Determination of Specific Biomarkers of Angioneurotic Crisis (BIOBRAD)

Diagnosis of angioedema (AE) is difficult especially in emergency room. Two forms should be evoked: histaminic AE (allergic or not, which represent 95% of cases) and bradykinic AE (hereditary or acquired deficiency, with or without C1 Inhibitor) rarer but with more severe prognosis. The distinction is based on clinical features (spontaneous crisis duration, presence of concomitant hives, atopic history...). Sometimes it could be difficult to make the difference. Nowadays, there is no biological marker of the crisis. The search for biomarkers could improve the diagnostic and therapeutic management of AE. Previous work has identified targets: D-dimer, C4, and VE-cadherin. We wanted to know the sensitivity and specificity of these markers.

We conducted a prospective study evaluating the D-dimer assays, complement and VE-cadherin during an episode of AE. Three groups of patients were tested: bradykinic AE (peripheral or abdominal attacks), histaminic AE, and abdominal pain (non-bradykinic and non-histaminic etiology) at the time (day 0) and at distance from the crisis (D7).

Study Overview

• Status: Completed
• Conditions: Angioedema

• Study Type: Observational
• Enrollment (Actual): 120

Contacts and Locations

Study Locations

• France
  • Grenoble, France, 38043
    • Grenoble University Hospital

Participation Criteria

Eligibility Criteria

• Ages Eligible for Study: 18 years and older (Adult, Older Adult)
• Accepts Healthy Volunteers: No
• Genders Eligible for Study: All

• Sampling Method: Probability Sample

Study Population

Patients with bradykinin and histaminergic angioedema or with abdominal pain

Description

Inclusion Criteria:

• Histaminergic or bradykinin angioedema
• Abdominal pain

Exclusion Criteria:

• children < 18 years

Study Plan

How is the study designed?

Number of groups / cohorts

3

Cohorts and Interventions

Group / Cohort
bradykinin angioedema; Hereditary angioedema with or without C1Inhibitor Drug induced angiodema
Histaminergic angioedema; Allergic and non allergic angioedema
Control group; Patients with abdominal pain

What is the study measuring?

Primary Outcome Measures

Outcome Measure	Time Frame
VE CADHERIN SENSITIVITY AND SPECIFICITY	7 DAYS

Secondary Outcome Measures

Outcome Measure	Time Frame
D-DIMERS SENSITIVITY AND SPECIFICITY	7 DAYS
C1INHIBITOR	7 DAYS

Collaborators and Investigators

• Sponsor: University Hospital, Grenoble
• Investigators: Study Chair: Vanessa espin, grenbole university hospital

Publications and helpful links

General Publications

• Bygum A. Hereditary angio-oedema in Denmark: a nationwide survey.
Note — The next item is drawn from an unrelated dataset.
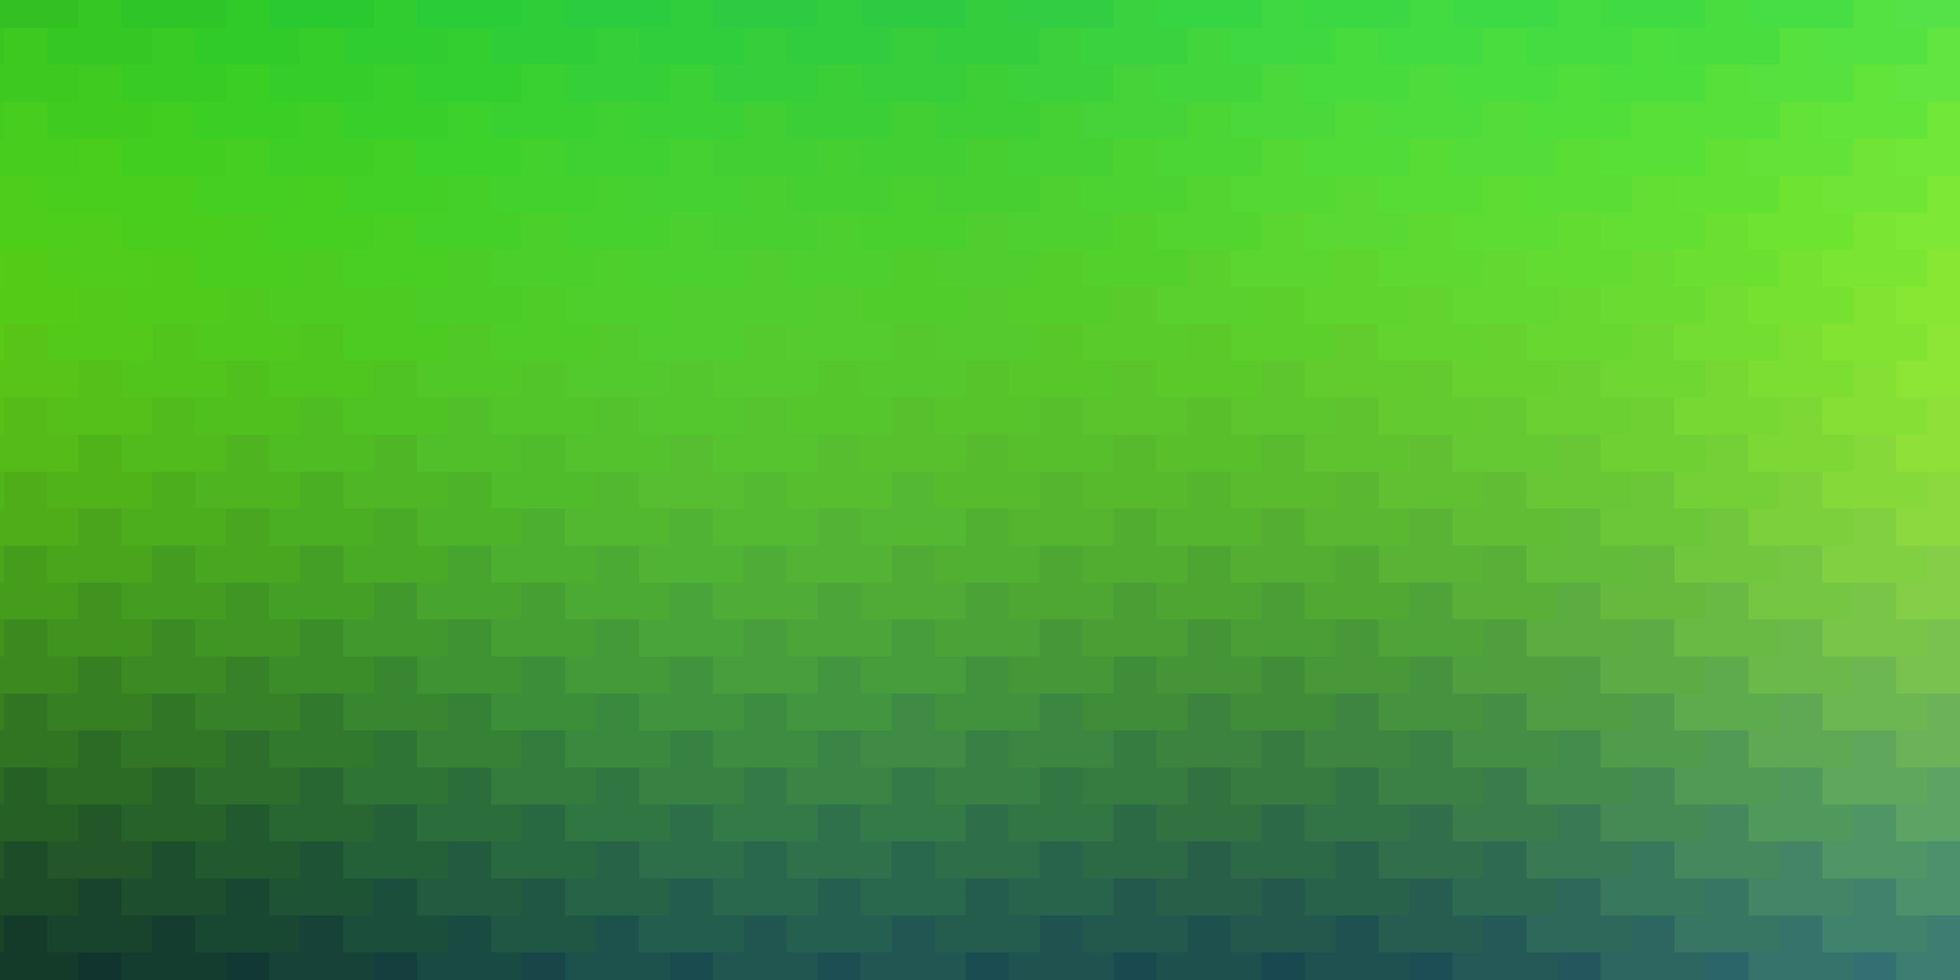 Light Blue, Green vector template in rectangles.
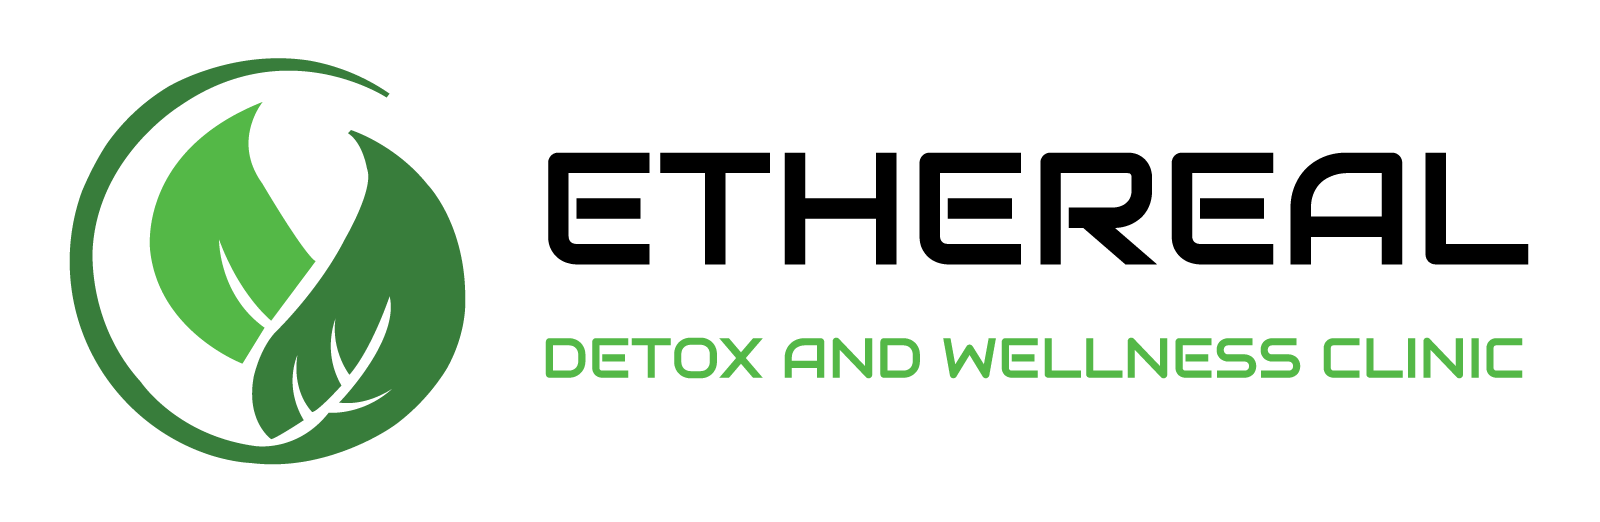 ethereal detox

Br J Dermatol. 2009 Nov;161(5):1153-8. doi: 10.1111/j.1365-2133.2009.09366.x. Epub 2009 Jun 22.
• Cugno M, Zanichelli A, Bellatorre AG, Griffini S, Cicardi M. Plasma biomarkers of acute attacks in patients with angioedema due to C1-inhibitor deficiency. Allergy. 2009 Feb;64(2):254-7. doi: 10.1111/j.1398-9995.2008.01859.x. Epub 2008 Dec 4.
• Brevet: w/o 2008 062314 circulating ve-cadherin as a predictive marker of sensitivity or resistance to anti-tumoral treatment, and improved method for the detection of soluble proteins.
• Bouillet L, Mannic T, Arboleas M, Subileau M, Massot C, Drouet C, Huber P, Vilgrain I. Hereditary angioedema: key role for kallikrein and bradykinin in vascular endothelial-cadherin cleavage and edema formation. J Allergy Clin Immunol. 2011 Jul;128(1):232-4. doi: 10.1016/j.jaci.2011.02.017. Epub 2011 Mar 24. No abstract available.
• Cicardi M, Banerji A, Bracho F, Malbran A, Rosenkranz B, Riedl M, Bork K, Lumry W, Aberer W, Bier H, Bas M, Greve J, Hoffmann TK, Farkas H, Reshef A, Ritchie B, Yang W, Grabbe J, Kivity S, Kreuz W, Levy RJ, Luger T, Obtulowicz K, Schmid-Grendelmeier P, Bull C, Sitkauskiene B, Smith WB, Toubi E, Werner S, Anne S, Bjorkander J, Bouillet L, Cillari E, Hurewitz D, Jacobson KW, Katelaris CH, Maurer M, Merk H, Bernstein JA, Feighery C, Floccard B, Gleich G, Hebert J, Kaatz M, Keith P, Kirkpatrick CH, Langton D, Martin L, Pichler C, Resnick D, Wombolt D, Fernandez Romero DS, Zanichelli A, Arcoleo F, Knolle J, Kravec I, Dong L, Zimmermann J, Rosen K, Fan WT. Icatibant, a new bradykinin-receptor antagonist, in hereditary angioedema. N Engl J Med. 2010 Aug 5;363(6):532-41. doi: 10.1056/NEJMoa0906393. Erratum In: N Engl J Med. 2010 Oct 7;363(15):1486.
• Wallez Y, Vilgrain I, Huber P. Angiogenesis: the VE-cadherin switch. Trends Cardiovasc Med. 2006 Feb;16(2):55-9. doi: 10.1016/j.tcm.2005.11.008.
• Bowen T, Cicardi M, Farkas H, Bork K, Longhurst HJ, Zuraw B, Aygoeren-Pursun E, Craig T, Binkley K, Hebert J, Ritchie B, Bouillet L, Betschel S, Cogar D, Dean J, Devaraj R, Hamed A, Kamra P, Keith PK, Lacuesta G, Leith E, Lyons H, Mace S, Mako B, Neurath D, Poon MC, Rivard GE, Schellenberg R, Rowan D, Rowe A, Stark D, Sur S, Tsai E, Warrington R, Waserman S, Ameratunga R, Bernstein J, Bjorkander J, Brosz K, Brosz J, Bygum A, Caballero T, Frank M, Fust G, Harmat G, Kanani A, Kreuz W, Levi M, Li H, Martinez-Saguer I, Moldovan D, Nagy I, Nielsen EW, Nordenfelt P, Reshef A, Rusicke E, Smith-Foltz S, Spath P, Varga L, Xiang ZY. 2010 International consensus algorithm for the diagnosis, therapy and management of hereditary angioedema. Allergy Asthma Clin Immunol. 2010 Jul 28;6(1):24. doi: 10.1186/1710-1492-6-24.
• Bluestein HM, Hoover TA, Banerji AS, Camargo CA Jr, Reshef A, Herscu P. Angiotensin-converting enzyme inhibitor-induced angioedema in a community hospital emergency department. Ann Allergy Asthma Immunol. 2009 Dec;103(6):502-7. doi: 10.1016/S1081-1206(10)60267-0.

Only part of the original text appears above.